Это был неожиданный ход. А ведь действительно, может, и во внучки.
— Тем более, — сказала я.
— Что — тем более? Не понял!
— Так пожалейте меня, Петр Алексеевич! И отца моего пожалейте! Он, наверно, с ума сходит. Ищет меня по всей Москве. Мы с ним и Новый год как следует не отметили, он все по командировкам ездил… сегодня вот договаривались поужинать вместе…
— Ишь ты, на жалость берет, — проворочал старик. — А меня ты больно жалеешь? Жалеете вы меня со своим Александром, когда развратничаете здесь за стеной и орете благим матом? А зачем о соседях думать? Когда нас похоть пробирает… Трахаются, трахаются, как кролики, аж пар валит, и вопят, вопят…
Ну, думаю, опять завел свою шарманку.
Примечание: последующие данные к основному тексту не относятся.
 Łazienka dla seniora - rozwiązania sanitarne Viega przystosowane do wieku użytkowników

Но делать нечего, надо терпеть.
Долго ехал он по этой теме, все ругал наш разврат. Потом вдруг спрашивает:
— Новый год то какой хоть отмечаете с отцом? Нормальный, русский, или, может, западный?
— Ну конечно, наш! — отвечаю с притворной искренностью.
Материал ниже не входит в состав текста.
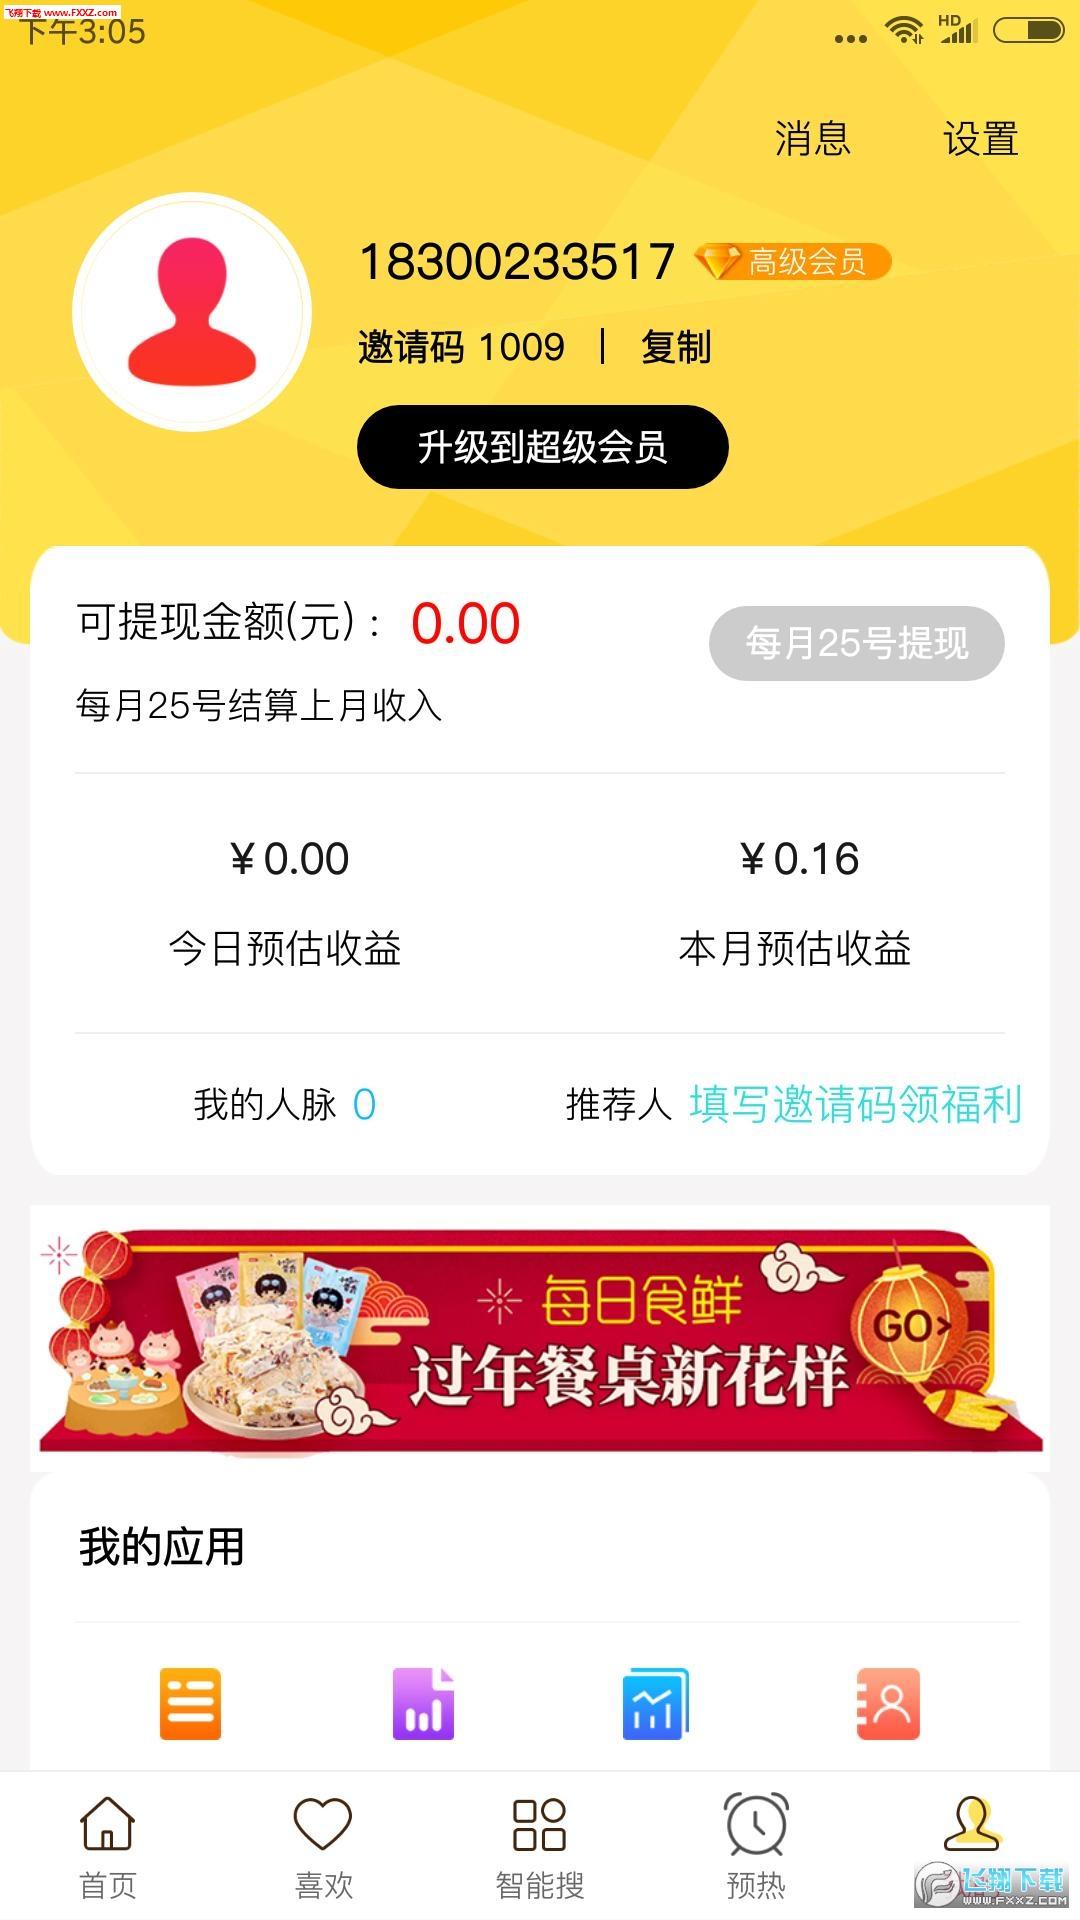 挑剔街app官方版1.4.0截图2

Думает, поймает он меня. Думает, я идиотка. А я не на планете Марс обитаю, прекрасно знаю, что у нас тот, кто празднует западный Новый год, наступающий девятнадцатого декабря, считается отщепенцем и врагом Отечества. Правда, уже давно патрули не ловят по улицам выпивших в ночь с восемнадцатого на девятнадцатое. Закрывают власти глаза на тот факт, что число нетрезвых и так велико, а в ту ночь — намного выше среднестатистического. Но первое время после возвращения к юлианскому календарю очень лютовали. А потом плюнули. Поняли, что нашему народу любой повод выпить сгодится.
На самом деле мы с Фазером оба отмечаем. Первое же января все празднуют вокруг, трудно было бы уклониться. А девятнадцатого как-то душевнее. Но ничто не сравнится со Светлым Рождеством, падающим на двенадцатое декабря. Но об этом Тыкве знать не обязательно.
На некоторое время старик вроде бы удовлетворился. Помолчал, и говорит:
— Эх, что вы понимаете…
— В чем? — вежливо осведомилась я.
— Да во всем… Какой год наступил, помнишь?
— Ну что вы, ей-богу, Петр Алексеевич! У меня же высшее образование! Тысяча девятьсот семьдесят девятый!
— Ой ли? А может, какой другой?
— Что вы имеете в виду? — говорю я, но на самом деле прекрасно понимаю, о чем речь. Единственное, в чем я не уверена, так это в том, можно ли произносить другой номер года вслух? Так-то, между мирянами, в обычной нормальной жизни, это вполне в порядке вещей, сказать: ну давайте теперь выпьем задве тысячи семьдесят девятый! Нонче это звучит почти как шутка. За это вроде никого уже больше не сажают. Это когда только приняли декрет о Возвращении, в год моего рождения, тогда да, говорят, можно было срок лет пятнадцать, а при отягчающих, так даже и вышку получить, пулю в затылок за такие вольности. Но с тех пор то режим смягчился… Но что там Уголовный кодекс говорит на этот счет, понятия не имею. Этот хрен с горы, осколок героической эпохи, еще, чего доброго, припомнит какую-нибудь всеми забытую статью: и пожалуйте бриться! Поэтому лучше притворяться дурой…
— Вас что, в школе не учили истории? Не рассказывали о декрете о Возвращении и Великой Стабилизации? Об Отмененном Времени? — спросил он тоном сердитого учителя.